A hand-drawn diagram of the murder scene was used as a key piece of evidence in the Sanford case — a diagram Tolbert initially claimed was drawn by the Detroit teen. However, prosecutors say a re-investigation into Sanford’s case revealed that the ex-deputy chief had contradicted his sworn testimony.
The Guardian reports that in 2010, Tolbert testified at a court hearing that Sanford sketched a diagram of the crime scene and house. Yet, during an interview with state police last September, Tolbert admitted that he had actually drawn the sketch of the house.

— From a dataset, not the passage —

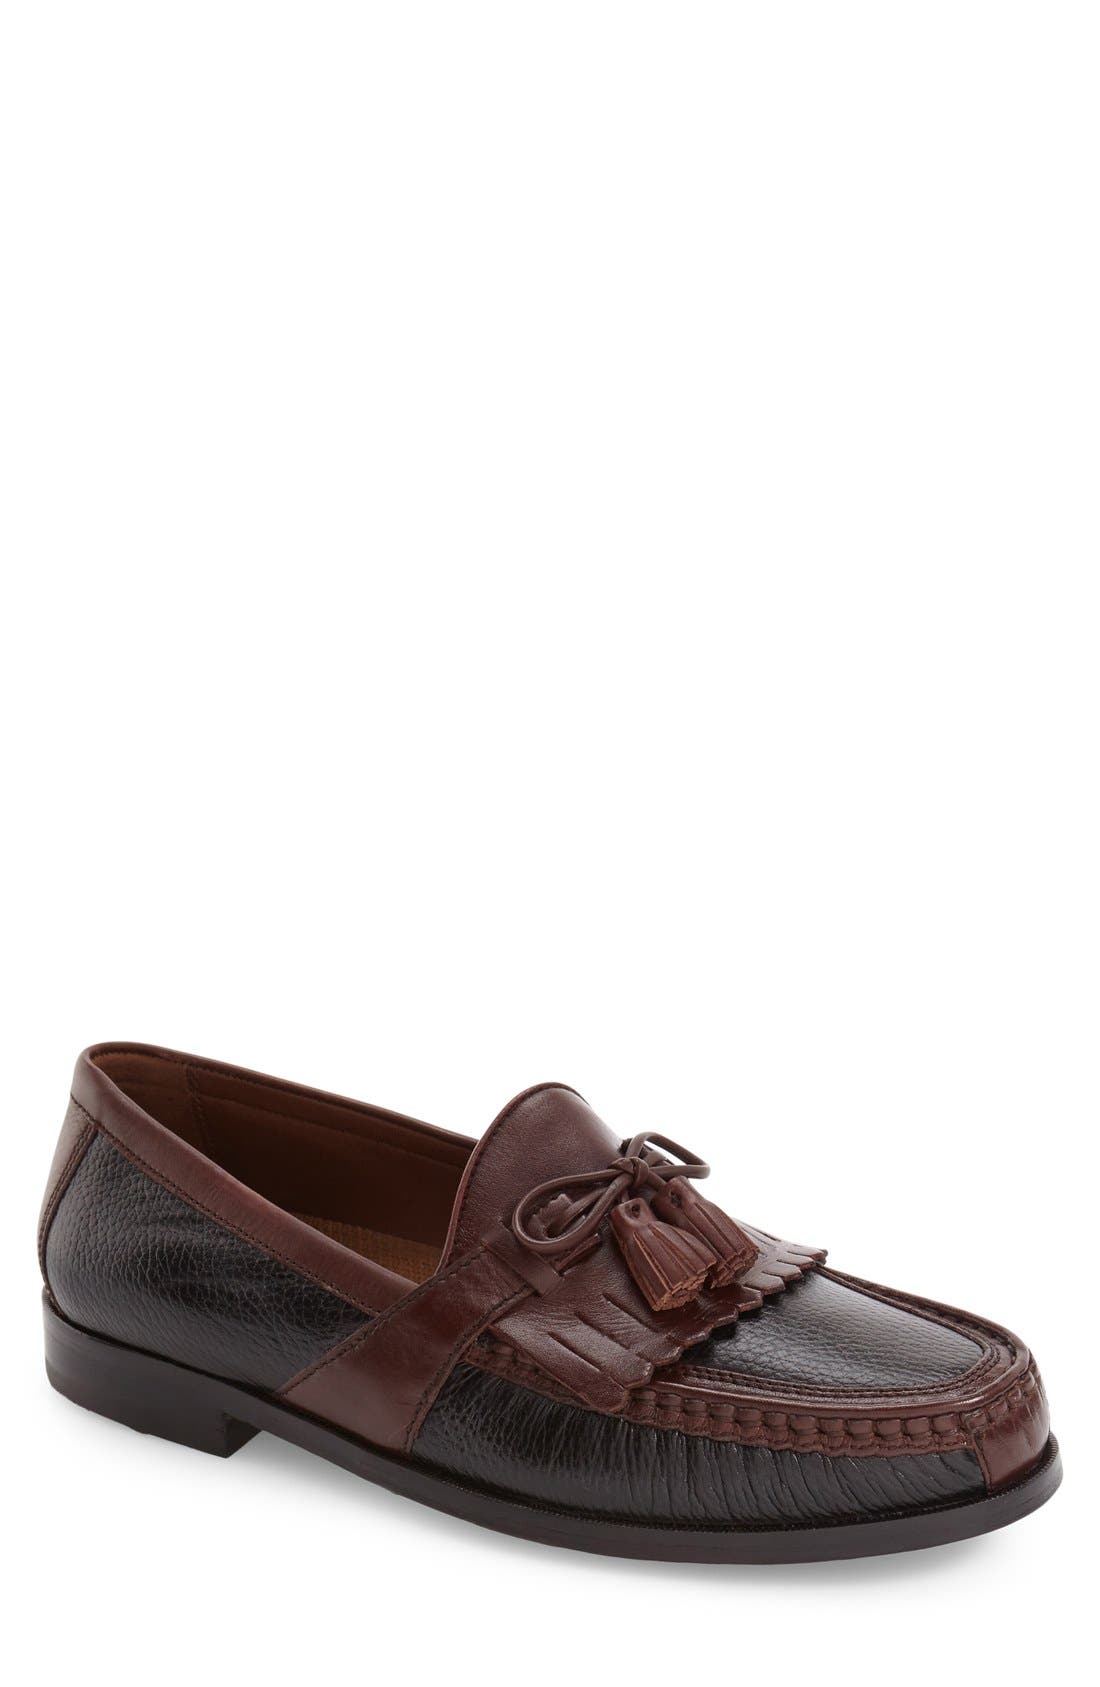 johnston and murphy black loafers

“Deputy Chief Tolbert, at the time with the Detroit Police Department, responded to questions that undermined his prior testimony under oath (that Mr. Sanford created a sketch from a blank piece of paper),” Wayne County Prosecutor Kym Worthy said Thursday. “It called into question the building blocks of our case.”
According to Detroit Fox 2 News legal analyst Charlie Langton, the ex-police chief now faces life behind bars if he’s convicted of perjury.
“Perjury is lying, and when you lie under oath in a court case when your testimony could send someone in prison for life, that’s really bad,” Langton told the news station. “And the penalty for lying in that kind of case is life for you, for lying.”
The realization that Tolbert perjured himself comes shortly after the ex-police chief was forced to resign for his involvement in the Flint water crisis, ABC News reports.
It’s Tolbert’s contradictory testimony that ultimately led to the Detroit teen’s release from prison. Just last week, Sanford, now 23, walked out of prison a free man after Judge Brian Sullivan chose to vacate his conviction, according to Atlanta Black Star. Sanford spent nearly nine years behind bars for a crime he didn’t commit, even after the real perpetrator came forward and confessed to the Runyon Street murders.
According to The Guardian, Worthy strongly defended how her office handled the Sanford case at a press conference Thursday.
“This was not the Wayne County prosecutor’s office running rogue and trying to do something illegal to Mr. Sanford,” Worthy said.
Sanford’s appellate attorneys failed to pursue claims earlier that might have reversed his conviction sooner, she alleged, particularly on claims that the Detroit teenager falsely confessed.
“I don’t know what we could’ve done differently as this case went through time, I really don’t,” she continued. “I can’t be a Monday morning quarterback.”
Now that he’s free, Sanford said he’s not bitter and just wants to move forward.
“I’m not about to play the blame game with nobody,” Sanford explained. “It’s over, I’m out. Like, that’s all I really wanted was my freedom; from this day forward I’m just trying to move forward and put this behind me.